Abstract
In this paper we present two probabilistic models for real-time acoustic event detection: the Hidden Markov Model and the Change Point Model. We construct the generative models in such a way that each time slice of the audio spectra is generated from a ‘spectral template’ which is multiplied by a volume factor. From this point of view, we treat the event detection problem as a template matching problem where the aim is to infer the active template and its volume while the audio data are observed. The novel contribution in this paper is a Change Point Model for real-time template matching using a conditional Poisson observation model. For this model, we develop an exact inference algorithm and an effective approximation schema. We evaluate the models on online monophonic pitch tracking of two low pitched instruments where we focus on the trade-off between the latency and accuracy of the system. The evaluation results suggest favourable features such as quick detection, graceful degradation and an acceptable level of accuracy when compared with a state-of-the-art monophonic pitch tracking algorithm (YIN). We believe that these models provide a flexible and powerful modelling framework for real-time event and pitch detection.
Acknowledgements
We would like to thank the reviewers for helpful comments and suggestions.

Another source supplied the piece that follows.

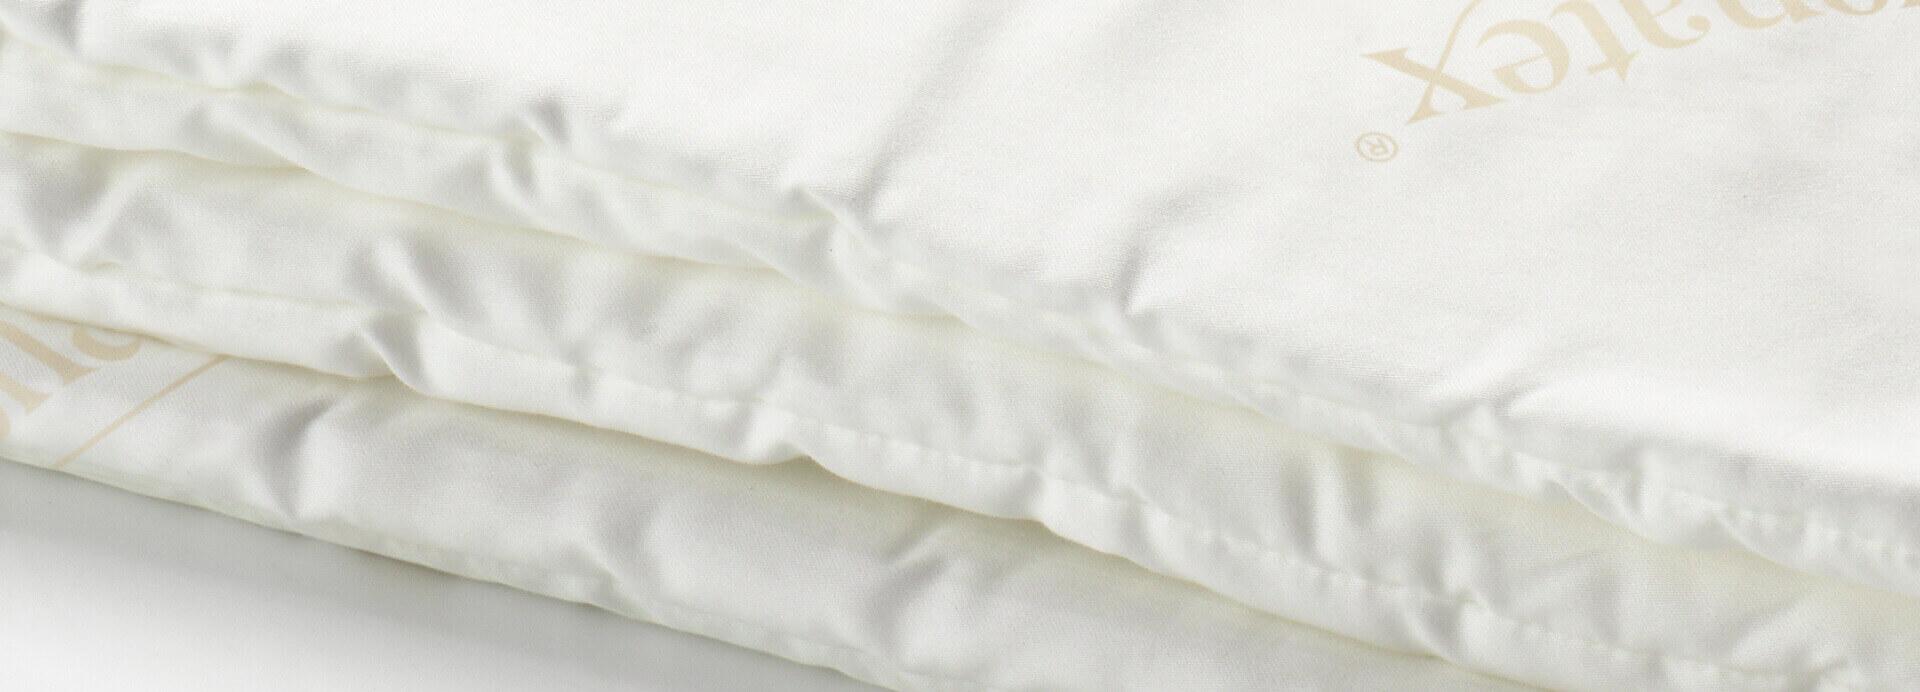 wenaCel® sensitive Sommer-Bettdecke von Wenatex

This work is funded by The Scientific and Technical Research Council of Turkey (TÜBİTAK) grant number 110E292, project ‘Bayesian matrix and tensor factorisations (BAYTEN)’. The work of Umut Şimşekli is supported by the PhD scholarship (2211) from TÜBİTAK.
Notes
1Note that we use MATLAB's colon operator syntax in which (1: T) is equivalent to [1, 2, 3, … ,T] and x 1:T ≡ {x 1,x 2, … , xT }.